Contents
- 1 Gamma distribution calculator with examples
- 2 How to find Gamma Distribution Probabilities?
- 3 Definition of Gamma Distribution
- 4 Another form of gamma distribution is
- 5 Mean and Variance of Gamma Distribution
- 6 Gamma Distribution Example 1
- 7 Gamma Distribution Example 2
- 8 Gamma Distribution Example 3
- 9 Gamma Distribution Example 4
- 10 Conclusion
Gamma distribution calculator with examples
Use this calculator to find the probability density and cumulative probabilities for Gamma distribution with parameter $\alpha$ and $\beta$.
Gamma Distribution Calculator | |
---|---|
Shape Parameter $\alpha$: | |
Scale Parameter $\beta$ | |
Value of x | |
Results | |
Probability density : f(x) | |
Probability X less than x: P(X < x) | |
Probability X greater than x: P(X > x) | |
How to find Gamma Distribution Probabilities?

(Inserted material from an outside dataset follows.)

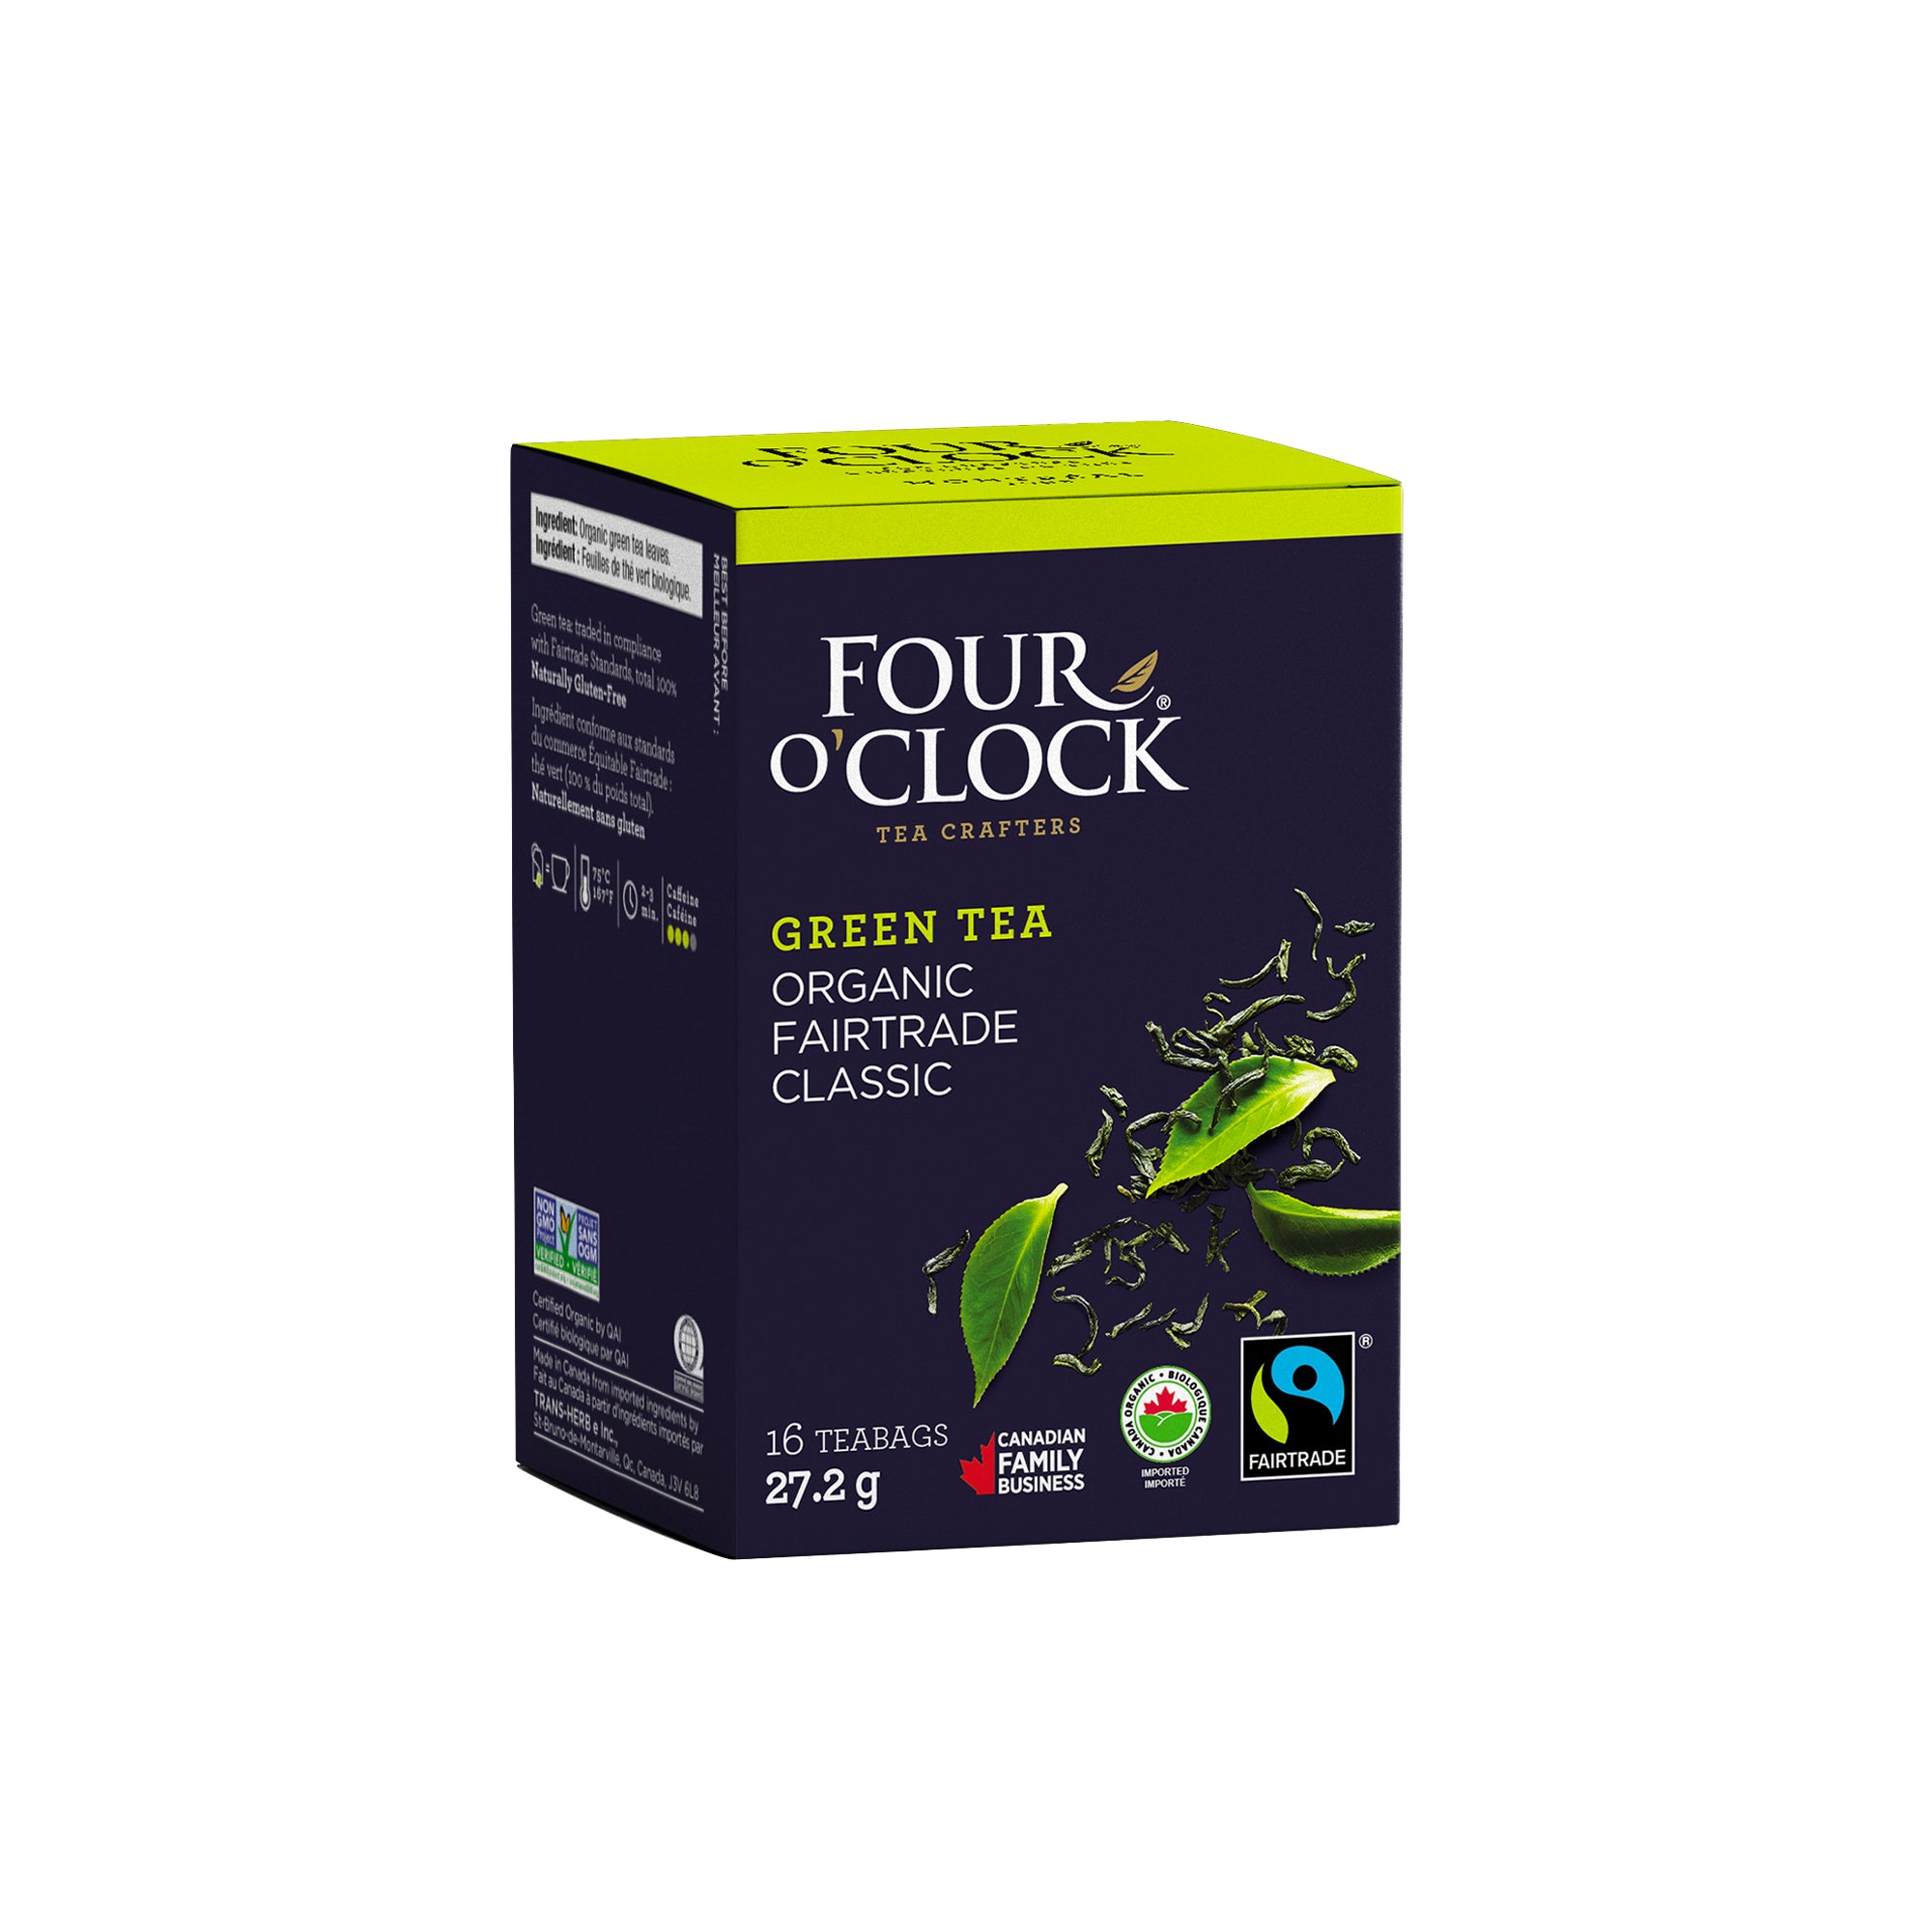 Classic Organic Fairtrade Green Tea

Step 1 - Enter the shape parameter $\alpha$
Step 2 - Enter the scale parameter $\beta$
Step 3 - Enter the value of $x$
Step 4 - Click on "Calculate" button to get gamma distribution probabilities
Step 5 - Gives the output probability density at $x$ for gamma distribution
Step 6 - Gives the output probability $X < x$ for gamma distribution
Step 7 - Gives the output probability $X > x$ for gamma distribution.
Definition of Gamma Distribution
A continuous random variable $X$ is said to have an gamma distribution with parameters $\alpha$ and $\beta$ if its p.d.f. is given by
$$ \begin{align*} f(x)&= \begin{cases} \frac{1}{\beta^\alpha\Gamma(\alpha)}x^{\alpha -1}e^{-x/\beta}, & x>0;\alpha, \beta >0; \\ 0, & Otherwise. \end{cases} \end{align*} $$
In notation, it can be written as $X\sim G(\alpha, \beta)$.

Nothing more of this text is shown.